Benefits of Occipital Nerve Block and Ablation

Potential benefits of occipital nerve block and ablation include targeted pain relief at the source, reduced irritation around the affected nerve, improved sleep, concentration, and daily function, and useful diagnostic information when a nerve block is used to confirm the source of pain. Ablation may offer longer lasting relief when repeated nerve blocks wear off too quickly or when symptoms continue to recur.

Possible Risks and Side Effects

All procedures carry some risks, although serious complications are uncommon. Possible effects include temporary increased pain or tenderness, bruising or swelling, temporary numbness of the scalp, dizziness or light headedness, infection or bleeding, and rare allergic reaction to medication. Your individual risks, expected benefits, and suitability for treatment will always be discussed before the procedure is carried out.

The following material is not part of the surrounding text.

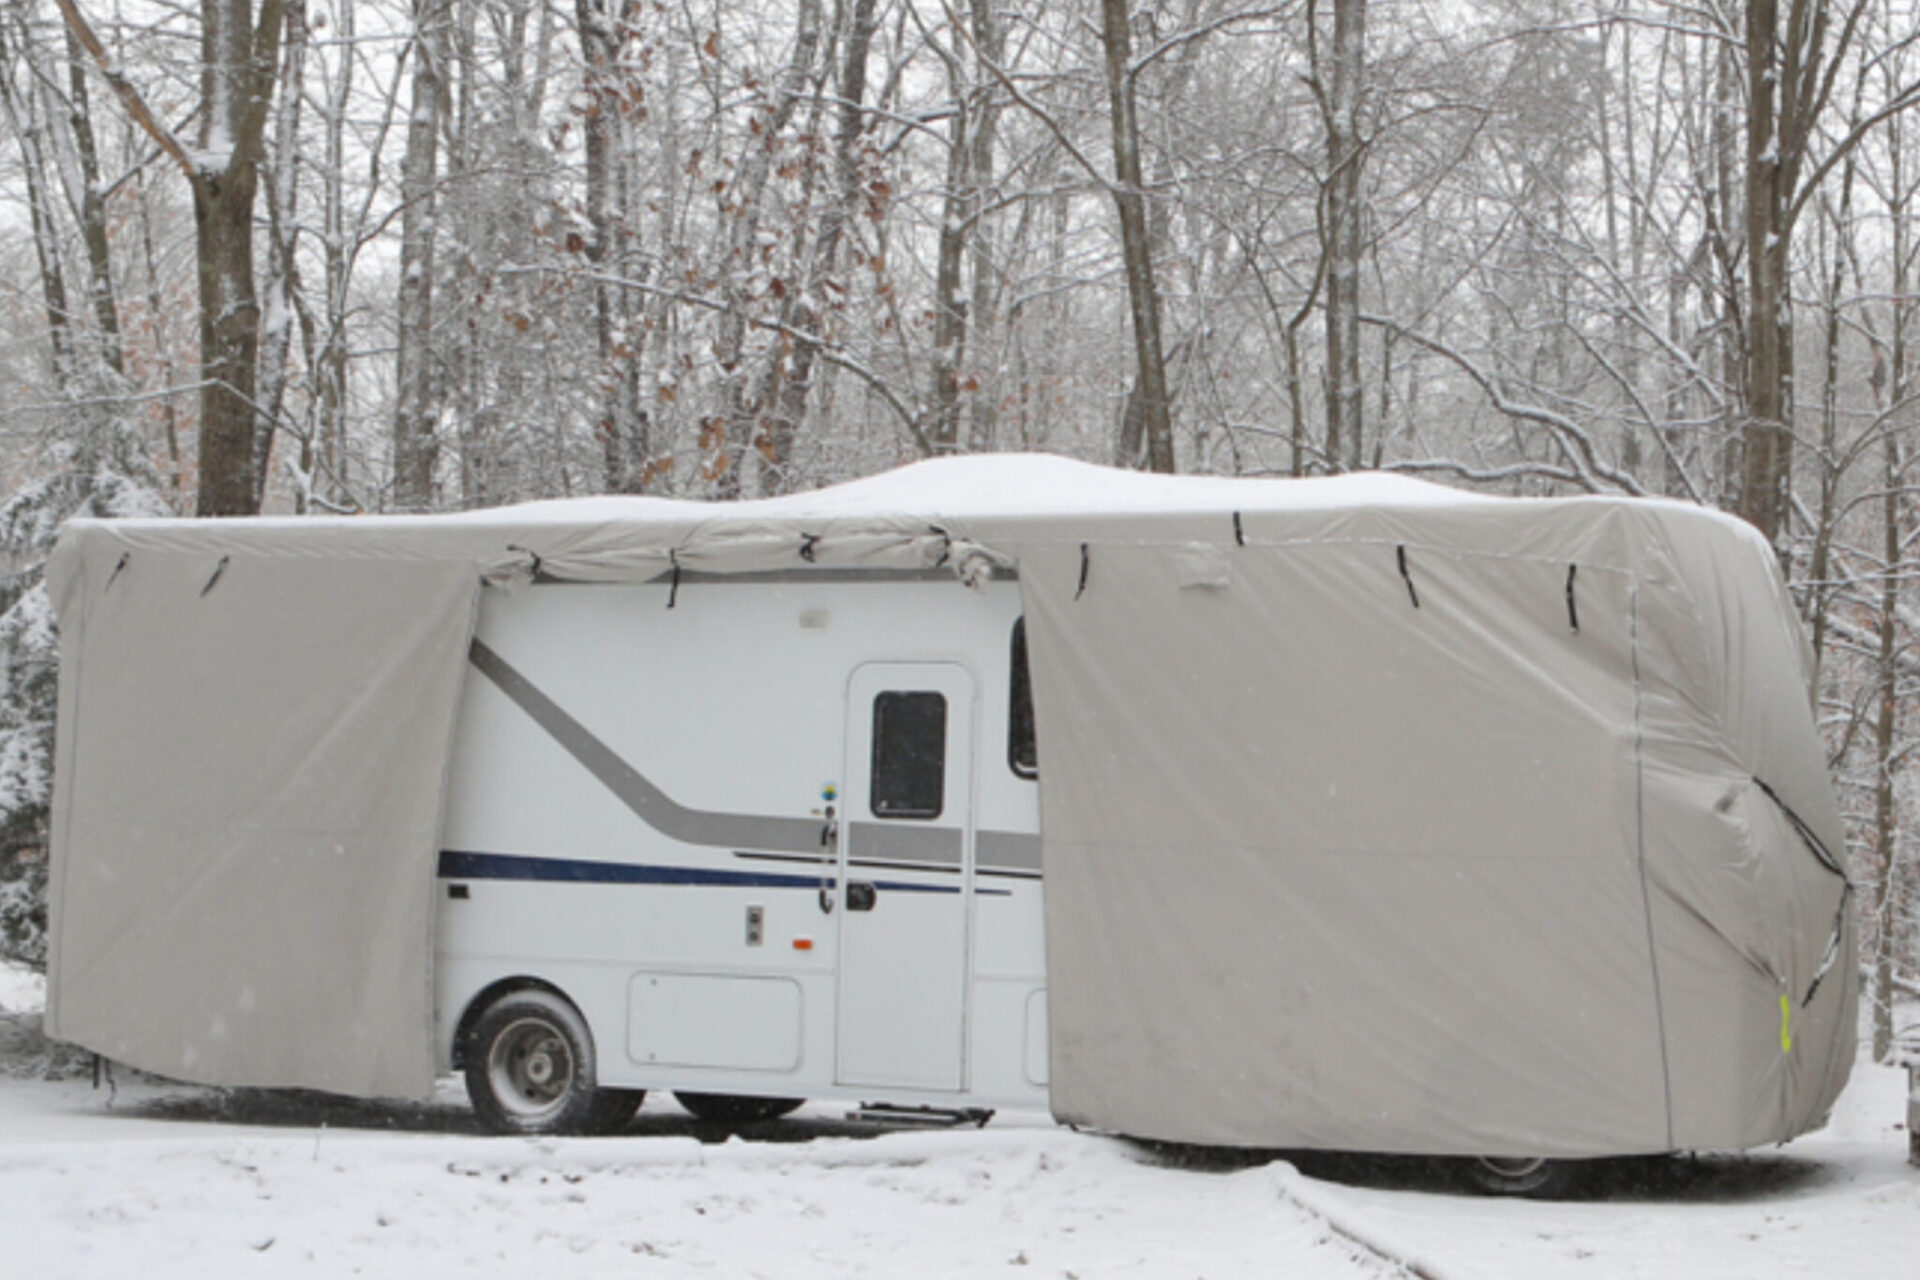 Episode 168 | Should You Cover an RV in Storage?
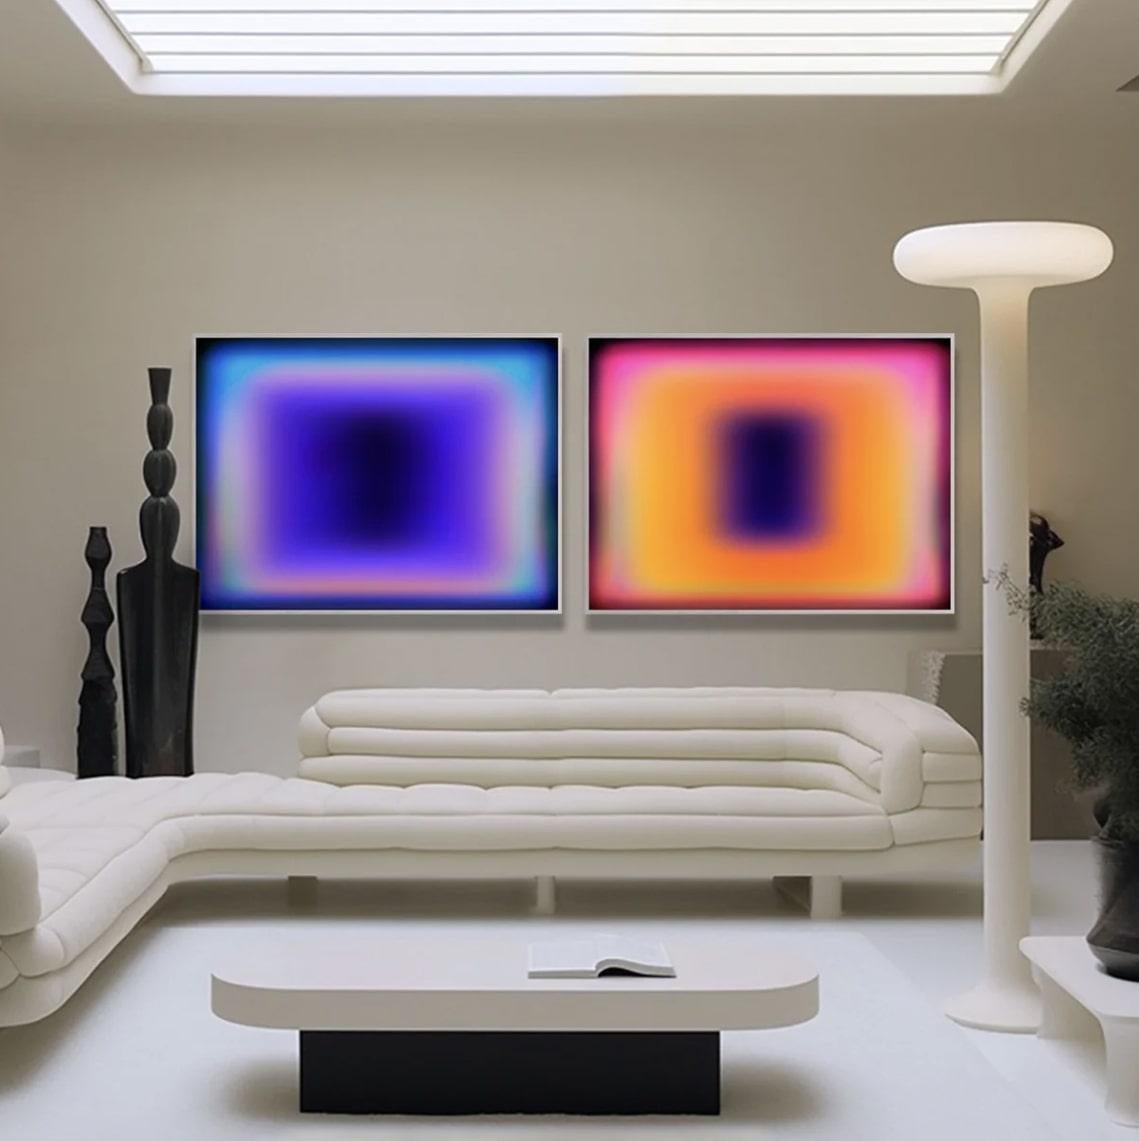 Known for his large scale, hyper-color Spectral Paintings and immersive projection installations, Thomm explores modern color systems, abstract image construction, and the merge of traditional art with technology, resulting in a hypnotic combination

When to Consider Other Options

If occipital nerve irritation is not the main cause of symptoms, another treatment plan may be more appropriate. Depending on the diagnosis, we may recommend a combined approach including physiotherapy, medication optimisation, posture and neck rehabilitation, migraine management, or other targeted injections. Accurate diagnosis remains essential to choosing the most effective treatment pathway.